Study material –
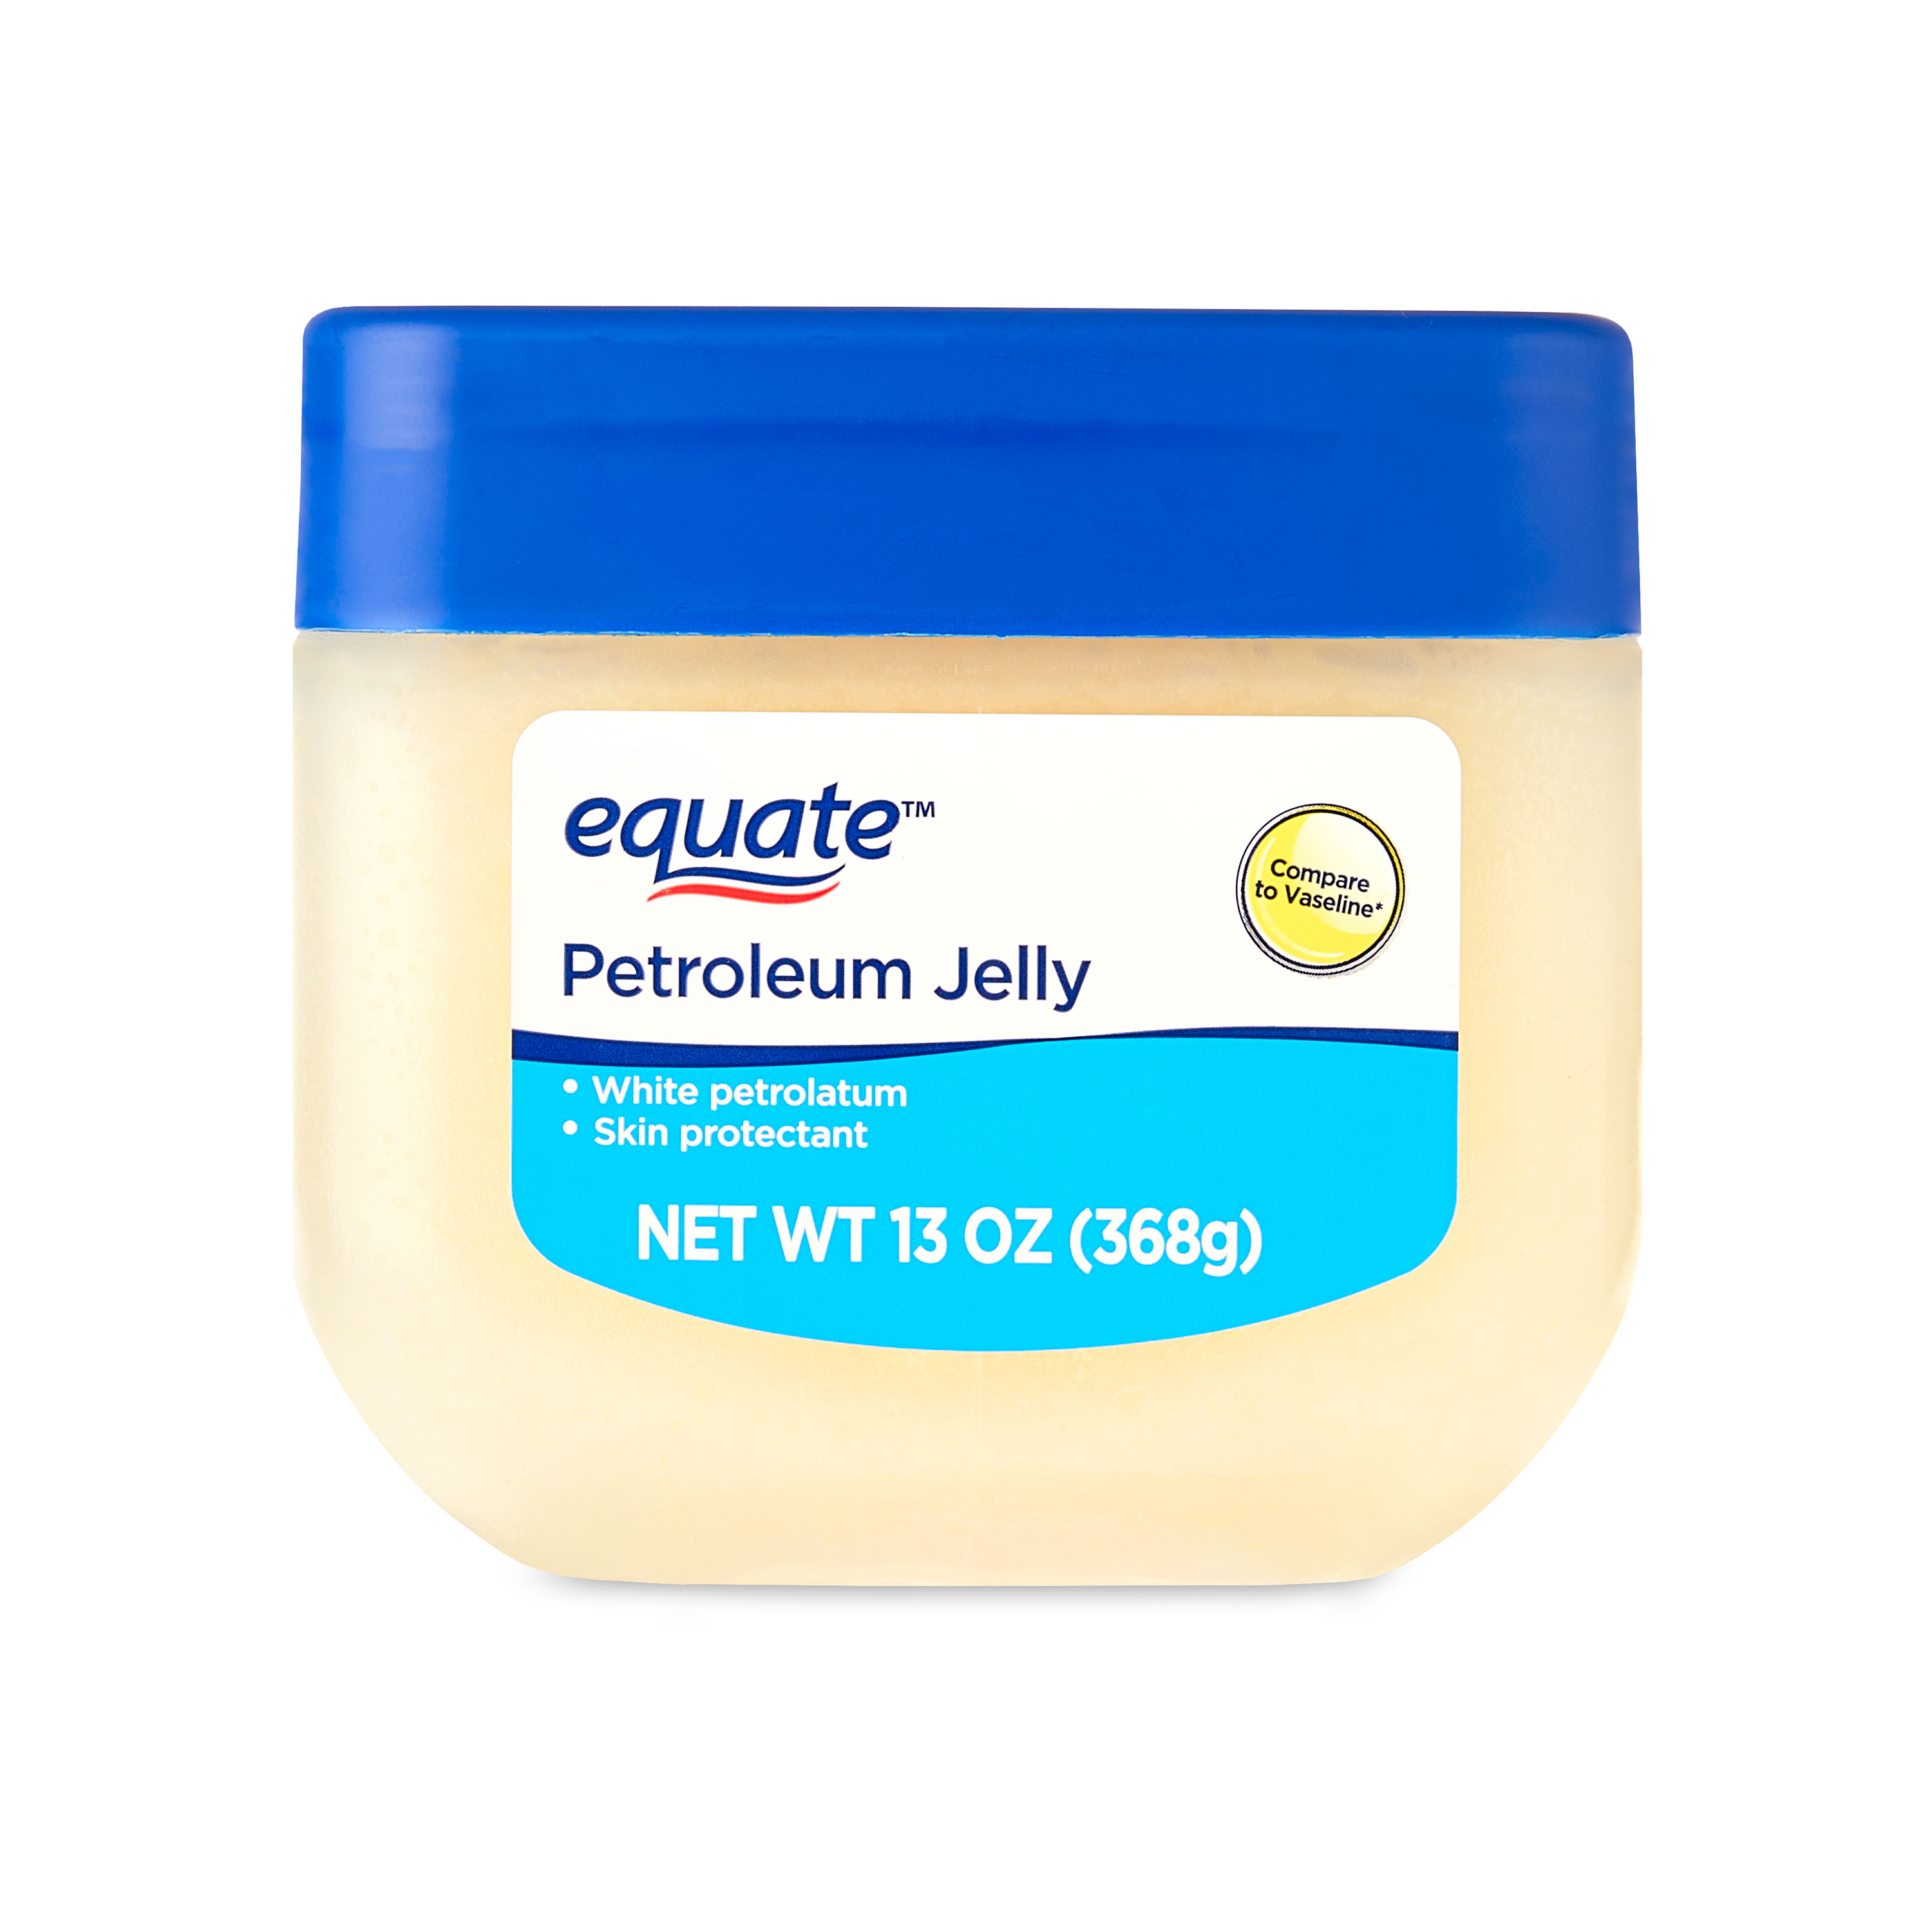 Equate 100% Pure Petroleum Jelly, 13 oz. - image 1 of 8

--

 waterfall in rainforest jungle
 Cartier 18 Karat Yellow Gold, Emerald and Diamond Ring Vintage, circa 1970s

What the task requires – Retype, exactly and in full, the lines above from the one containing "waterfall in rainforest jungle" through the one containing "Cartier 18 Karat".

Exercise response –
 waterfall in rainforest jungle
 Cartier 18 Karat Yellow Gold, Emerald and Diamond Ring Vintage, circa 1970s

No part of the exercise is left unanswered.